1. An apparatus comprising: at least one contact lens fittable on an eye of a patient, the contact lens including circuitry for receiving electrical activity signals associated with electrical activity produced by nerve tissue located proximal to the contact lens; a first sensor configured to sense the electrical activity produced by the nerve tissue and to provide the electrical activity signals; and a first stimulator to trigger a response in a body of the patient based, at least in part, on the electrical activity signals provided by the first sensor.

2. The apparatus of claim 1, wherein the contact lens includes the first sensor.

3. The apparatus of claim 1, wherein the first stimulator is configured to produce electrical stimulation signals directed at tissue proximate to a location of the first stimulator.

4. The apparatus of claim 3, wherein the first stimulator is configured to produce the electrical stimulation signals responsive to a determination that the electrical activity signals are abnormal, and wherein the electrical stimulation signals are configured to correct, at least in part, the electrical activity produced by the nerve tissue.

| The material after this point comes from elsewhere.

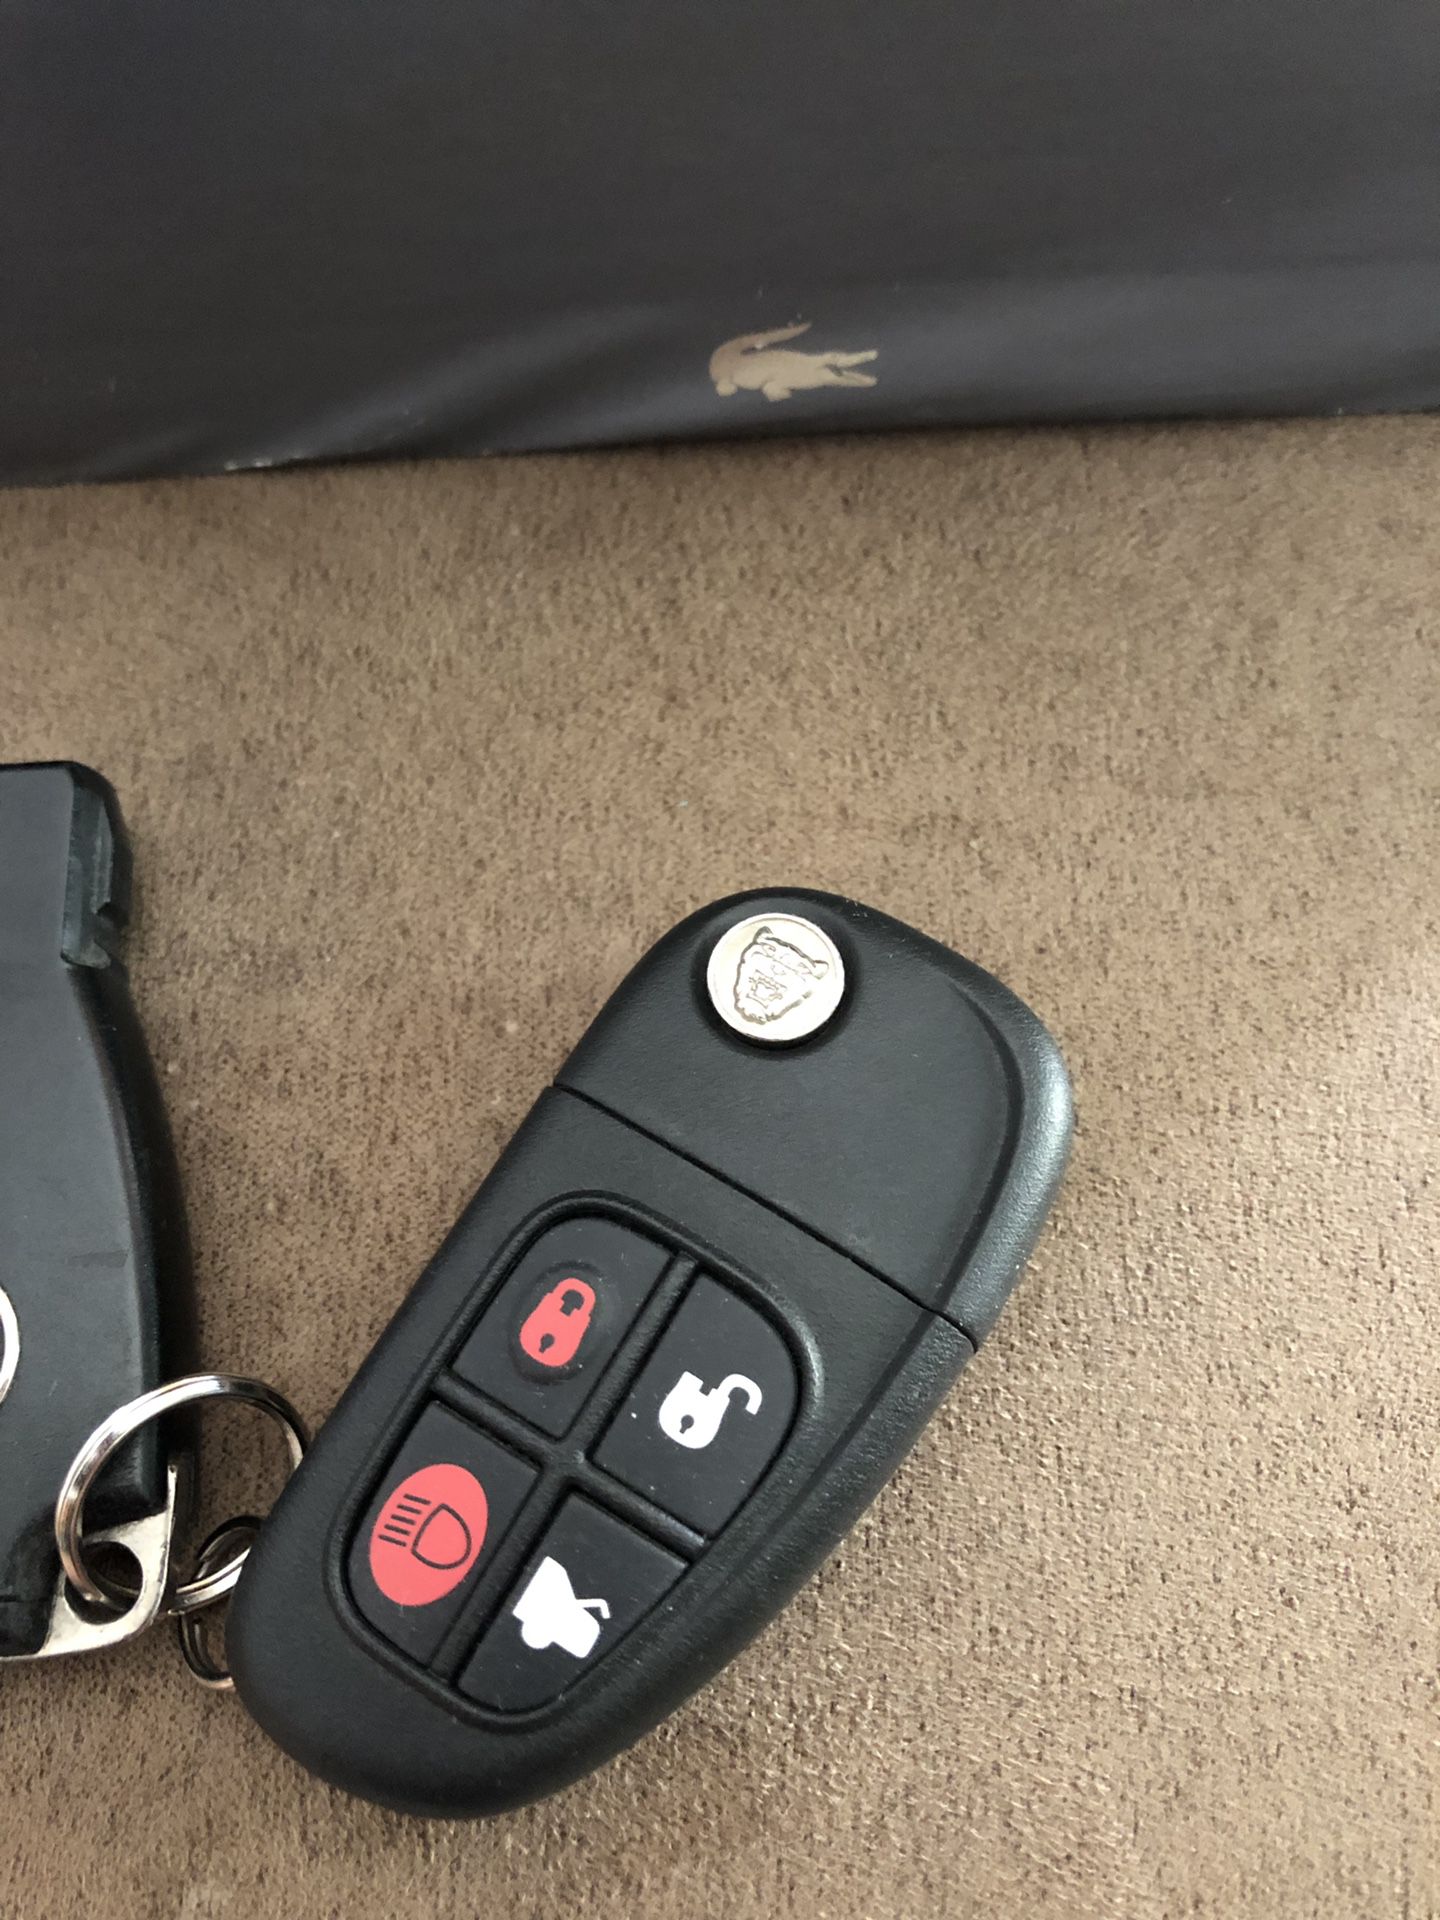 Jaguar key and Mercedes key

5. The apparatus of claim 4, wherein the first stimulator is configured to produce the electrical stimulation signals directed at one or more nerves in the body of the patient, including at ophthalmic nerve tissue comprising one or more of an ophthalmic nerve, branches of the ophthalmic nerve, or related parts of the ophthalmic nerve, wherein the related parts comprise cell bodies and synapses associated with nerve branch pathways.

6. (canceled)

7. The apparatus of claim 1, further comprising a controller configured to: determine whether the electrical activity signals are abnormal; and in response to a determination that the electrical activity signals are abnormal, generate modulating control signals to modulate electrical stimulation signals producible by the first stimulator, the generated electrical stimulation signals applied to one or more tissue areas of the patient to reduce or impede abnormal electrical activity behavior produced by the nerve tissue.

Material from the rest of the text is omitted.